→ Brief
Quote the whole listing word for word. Do not include the pictures.

→ Collected material
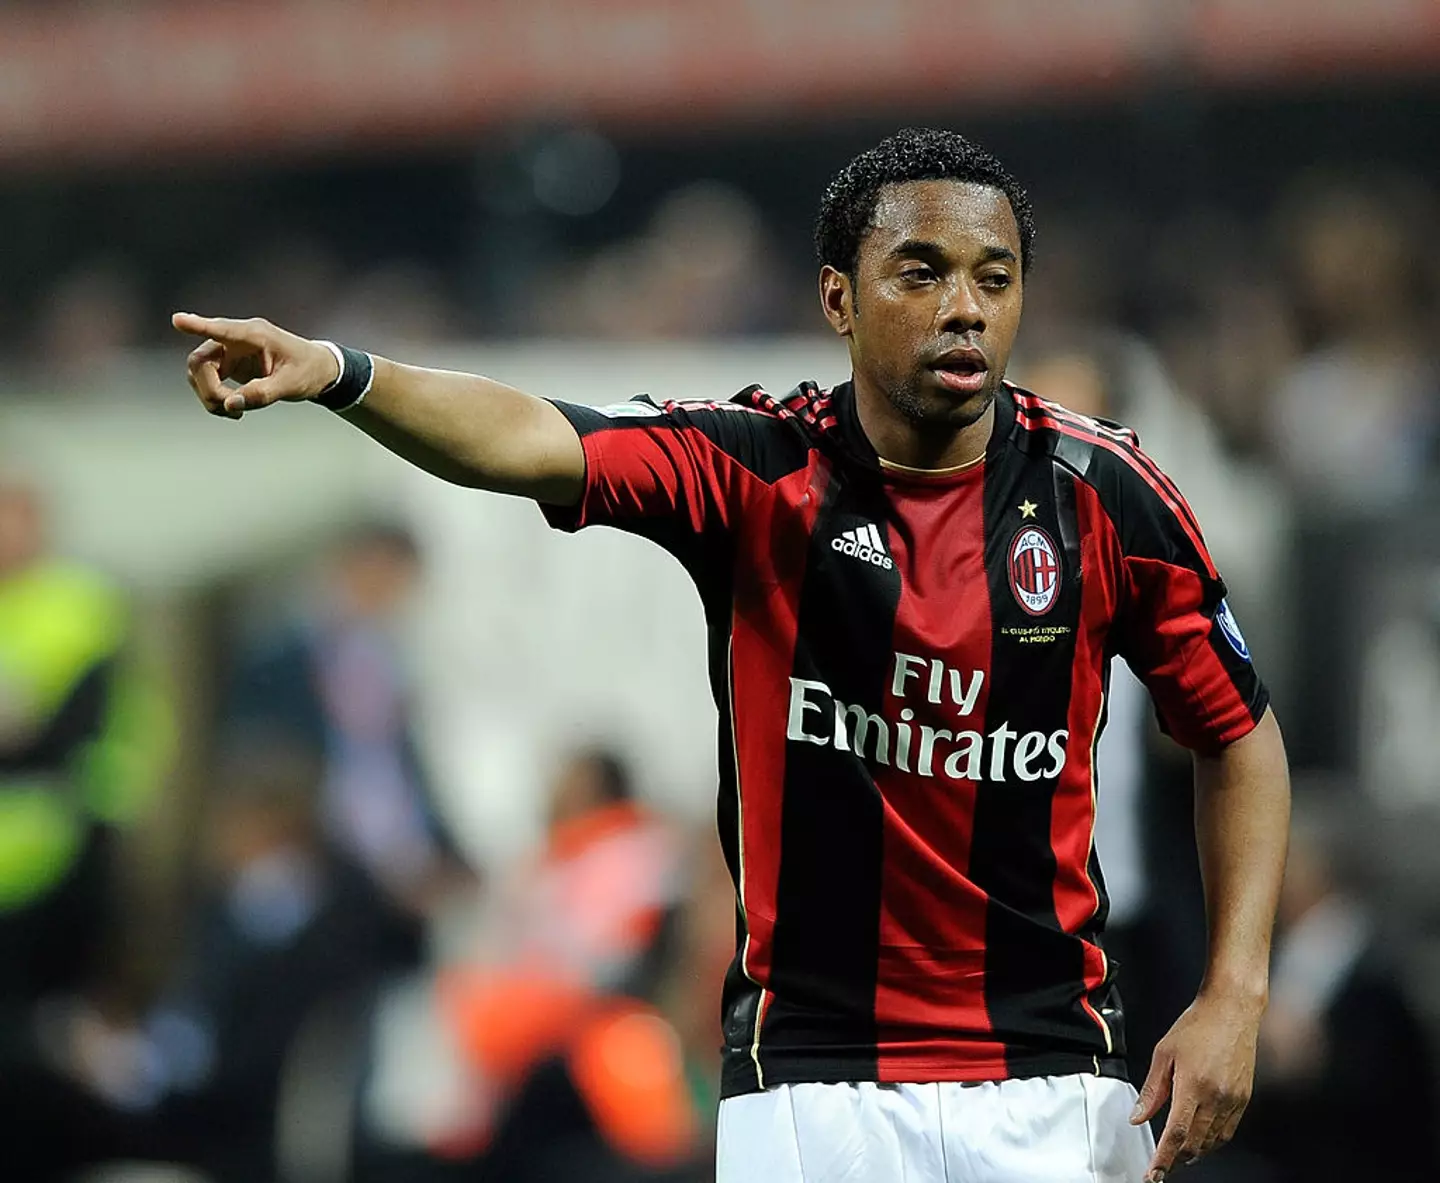 Robinho playing for AC Milan (
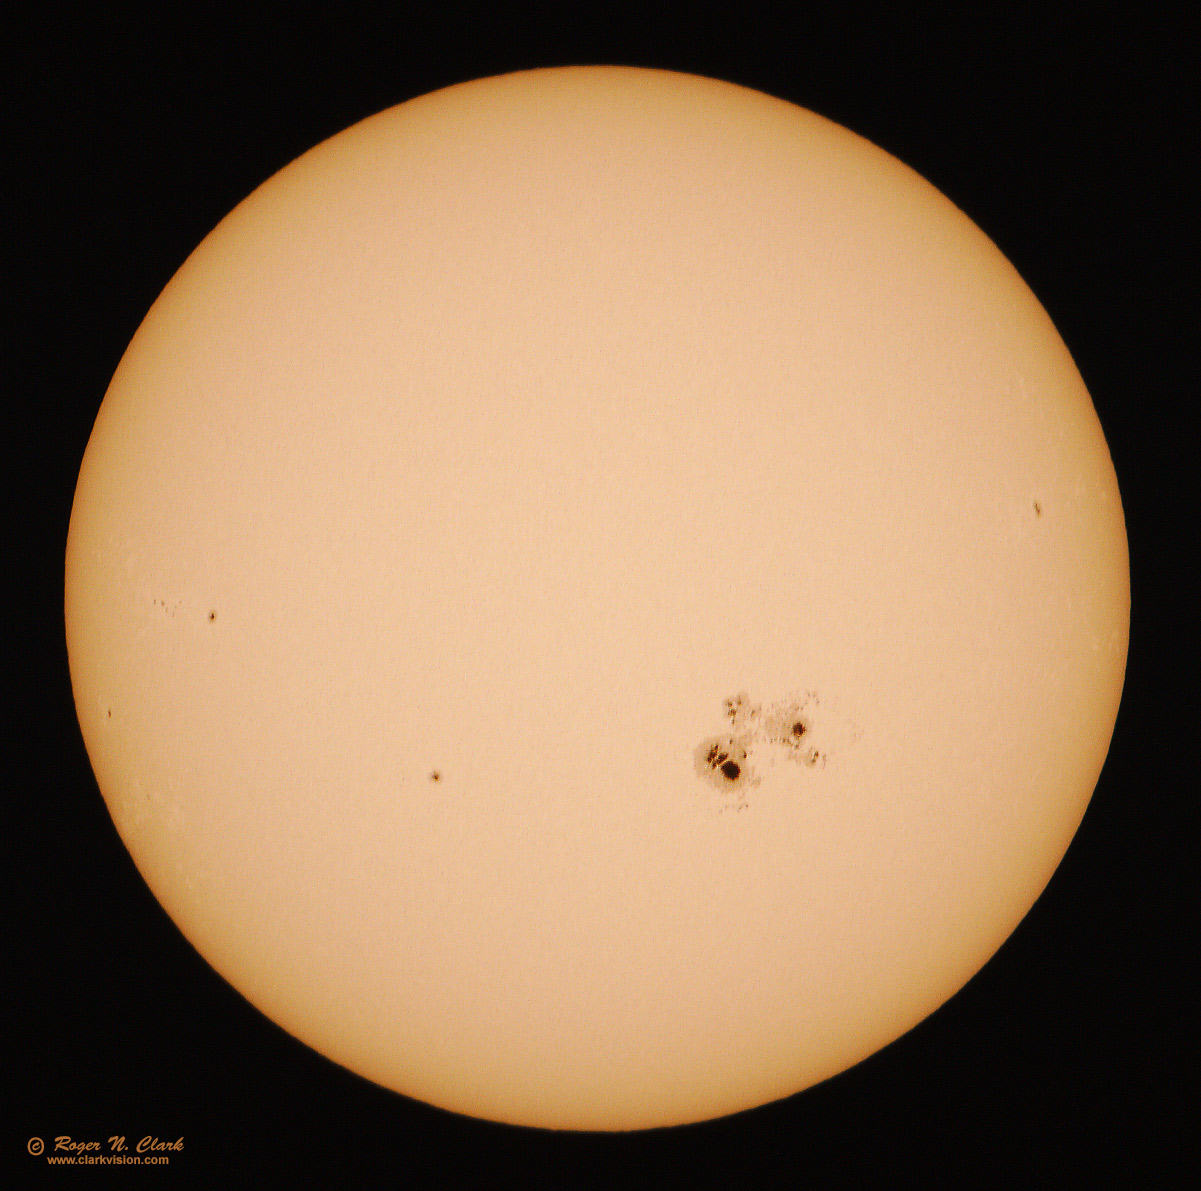 image sun.10.24.2014.IMG_2501+2.b-rl5x5-10-rl3x3-50.c-bin2x2s.jpg is Copyrighted by Roger N. Clark, www.clarkvision.com
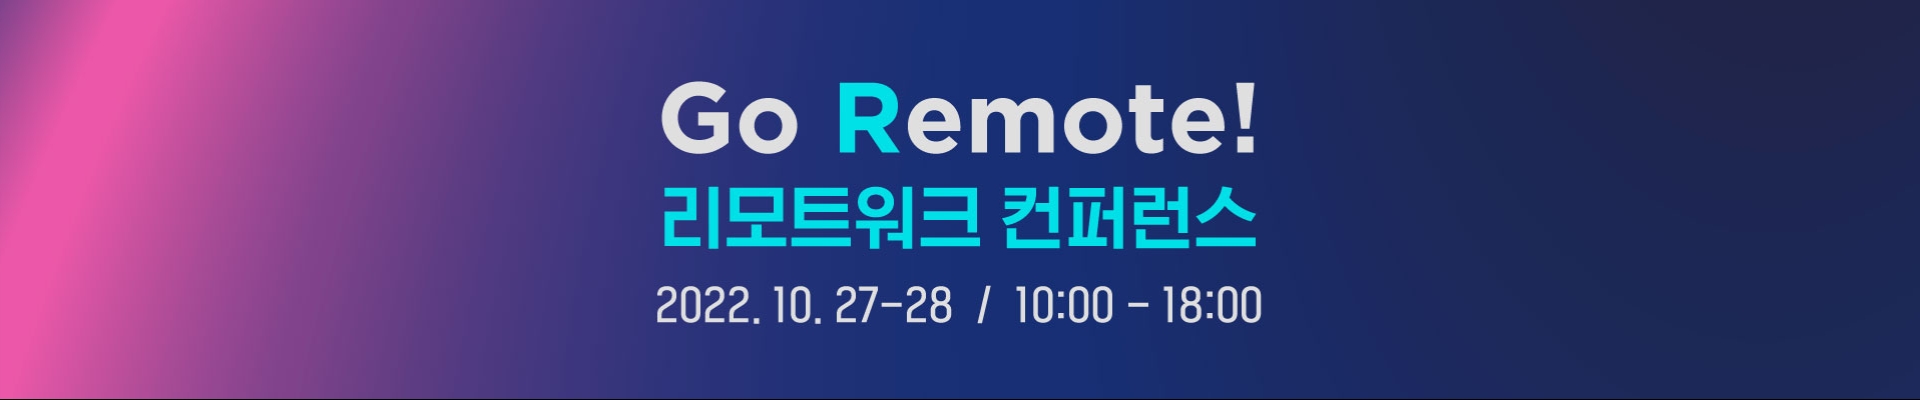 Go Remote! 리모트워크 컨퍼런스

→ Exercise solution
 Robinho playing for AC Milan (
 image sun.10.24.2014.IMG_2501+2.b-rl5x5-10-rl3x3-50.c-bin2x2s.jpg is Copyrighted by Roger N. Clark, www.clarkvision.com
 Go Remote! 리모트워크 컨퍼런스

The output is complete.